For cross-platform hatching, the LLM receives both specs so it can understand the source conventions and adapt content to the target idioms. For same-platform polishing, only the target spec is provided.

The specs live at pynydus/agents/<platform>/AGENT_SPEC.md and can be updated as platform conventions evolve.

Spawn log as context

The spawn pipeline records structured events at every step into spawn_log. At hatch time, the full JSON-serialized log is injected into the hatch LLM prompt so the model has complete context about what happened during spawning.
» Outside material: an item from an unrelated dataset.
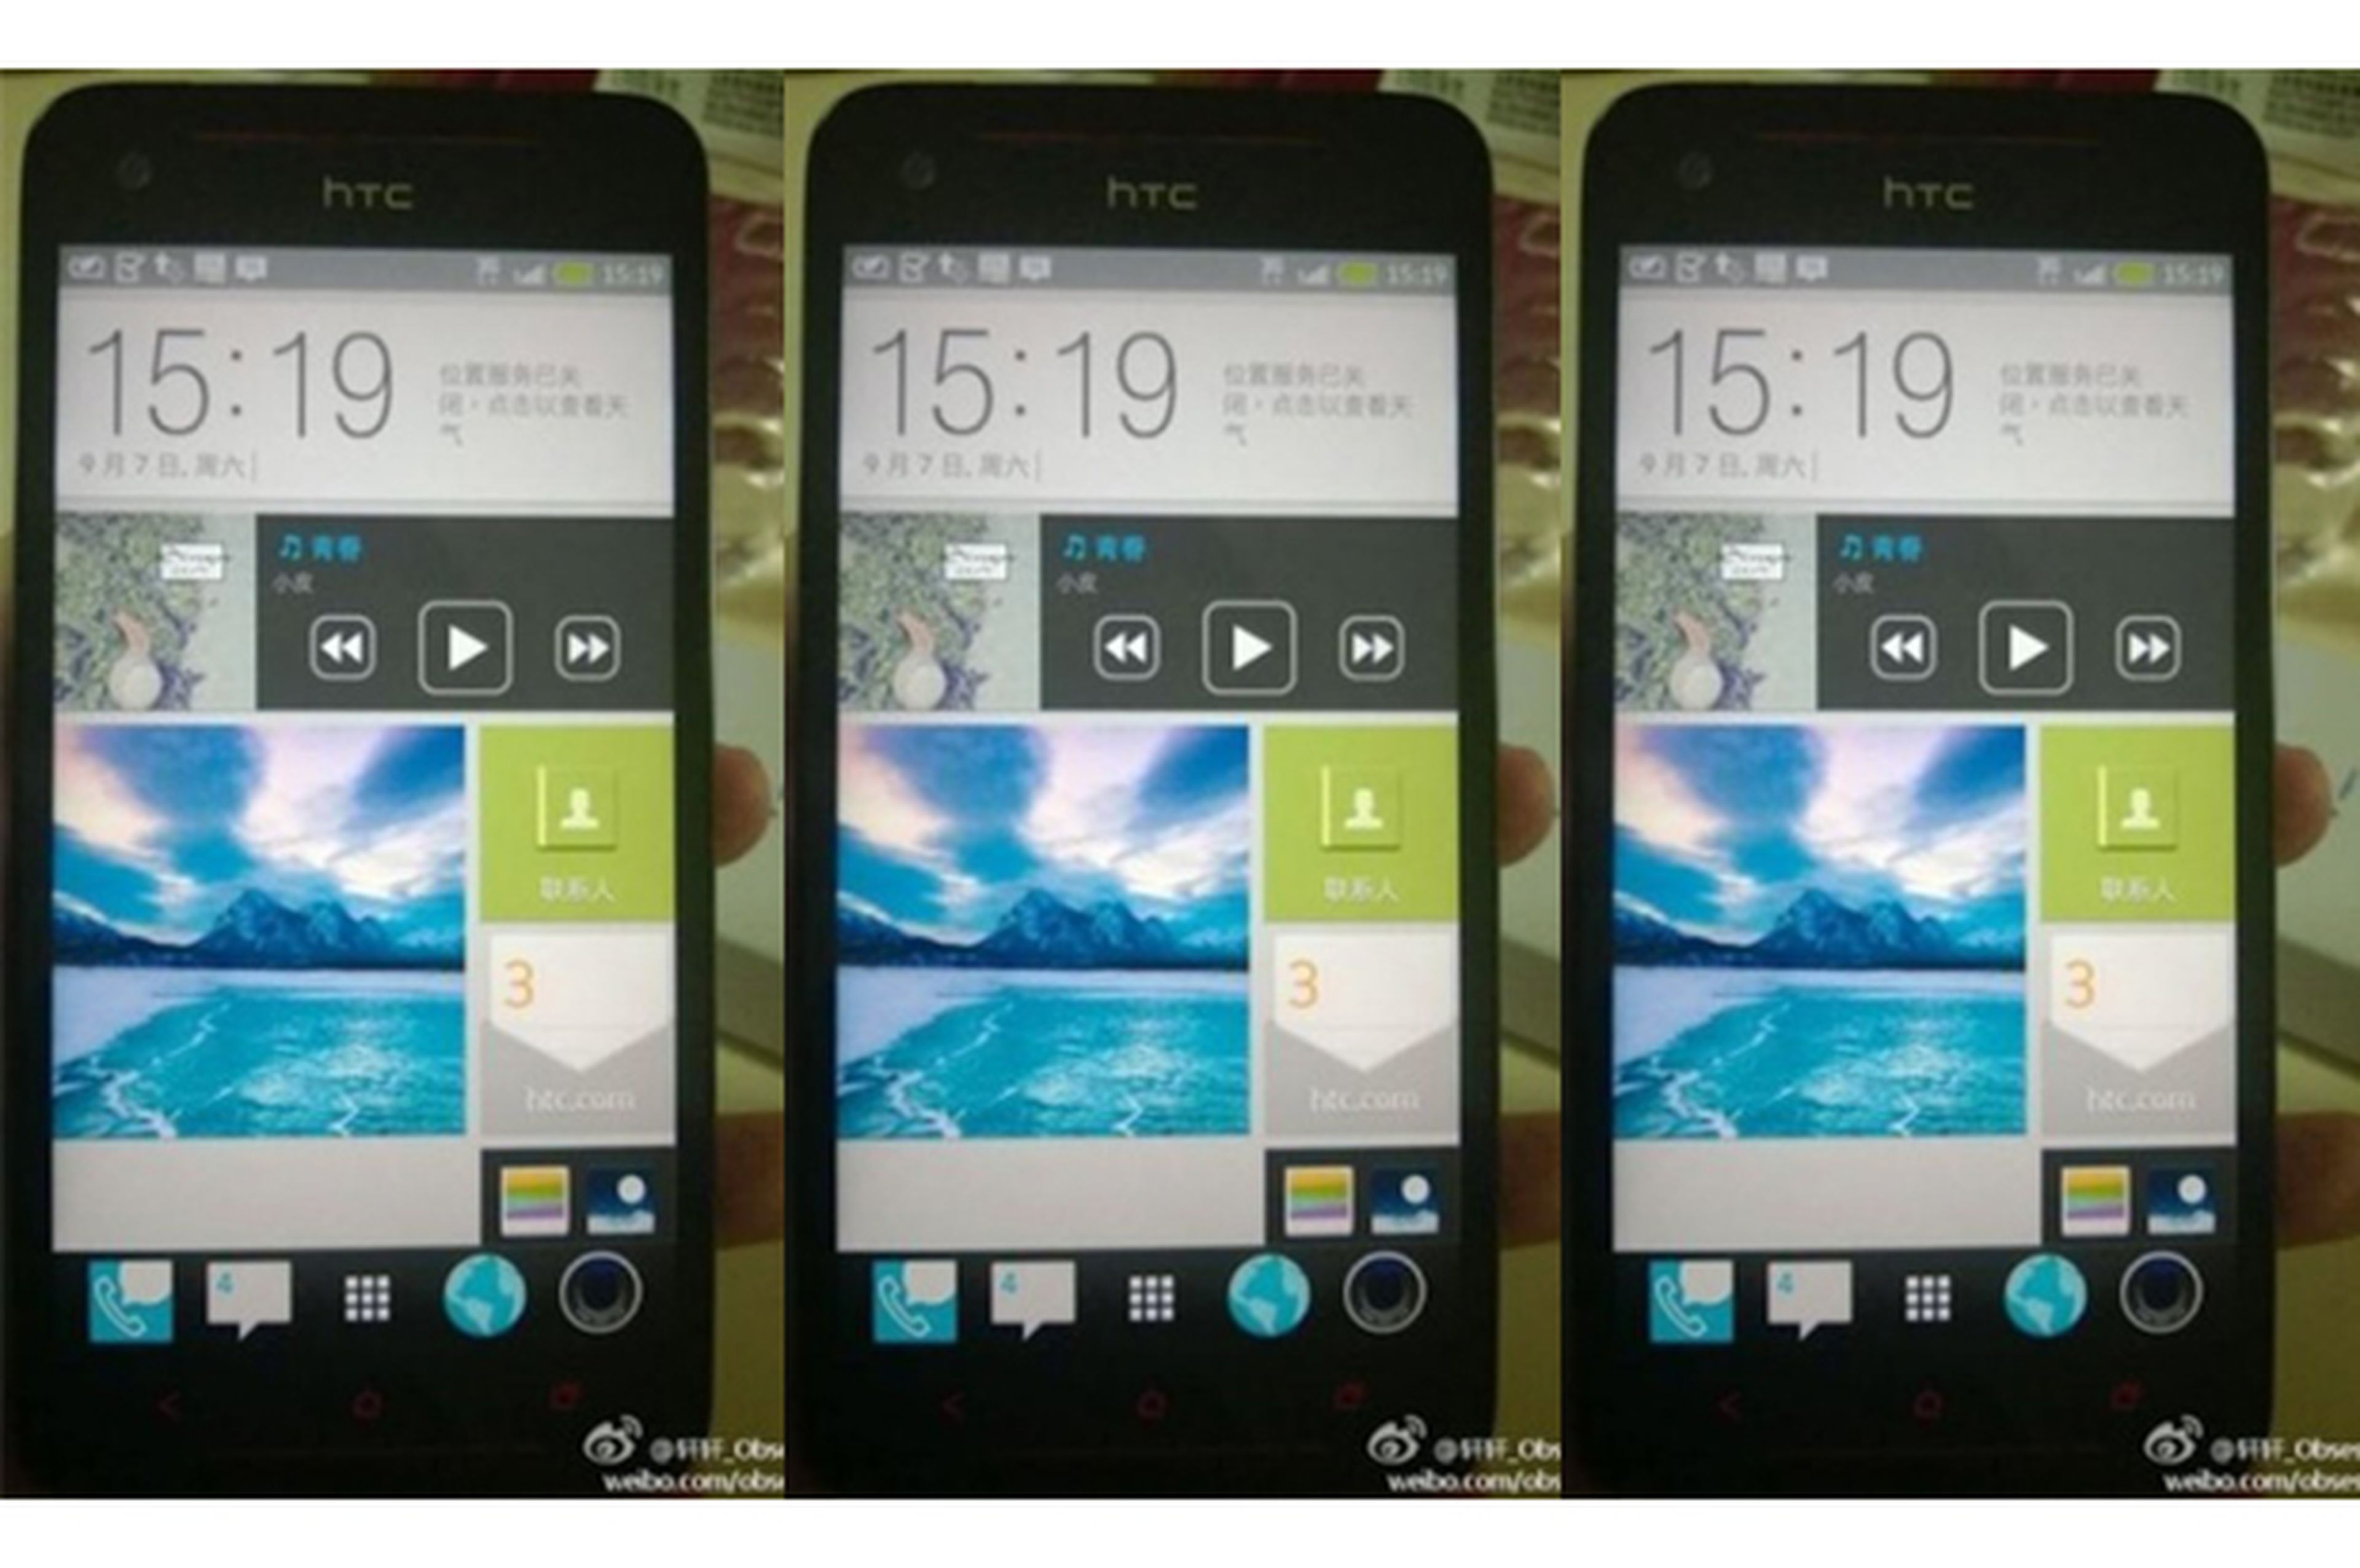 HTC Sense 5.5, filtrada la primera imagen de su interfaz

The log includes entries for every pipeline action:

Event type

What it captures

pipeline_start

Source platform, base egg ref, redact flag, source paths

source_files_read

Agent type, resolved path, filenames, file count

secret_scan

Gitleaks finding: placeholder, rule name, source file

redaction

Presidio finding: PII type, placeholder, source file

files_removed

Glob patterns applied, files removed, remaining count

spawner_parse

Per-group skills/memory summaries, source metadata

records_built

Skill IDs/names, memory IDs/labels/text lengths

base_egg_loaded

Base egg ref, agent type, skill/memory/secret counts

base_merge

Before/after counts for skills, memory, secrets

label_override

Custom label changes: record ID, old/new label, pattern

memory_excluded

Dropped records by label, kept count

memory_refined

Per-record text changes (lengths, not content)

memory_merge

Merged record IDs, result length

memory_refinement_done

Total records processed, merged, unchanged

skill_refined

Name/content change flags per skill

skill_refinement_done

Total skills processed, changed count

llm_call

Provider, model, latency, token usage

warning

Warning messages from LLM refinement

egg_packaged

Final counts for skills, memory, secrets

apm_passthrough

APM yml stashed from source files

a2a_passthrough

A2A agent card copied from source

a2a_generated

A2A agent card generated from egg data

agents_md_generated

Per-egg AGENTS.md generated

specs_embedded

Spec snapshots embedded in egg

No secret values or PII appear in the spawn log. Secret entries log only the placeholder name and gitleaks rule ID. PII entries log only the entity type and placeholder. Text content is logged as lengths, never as raw text.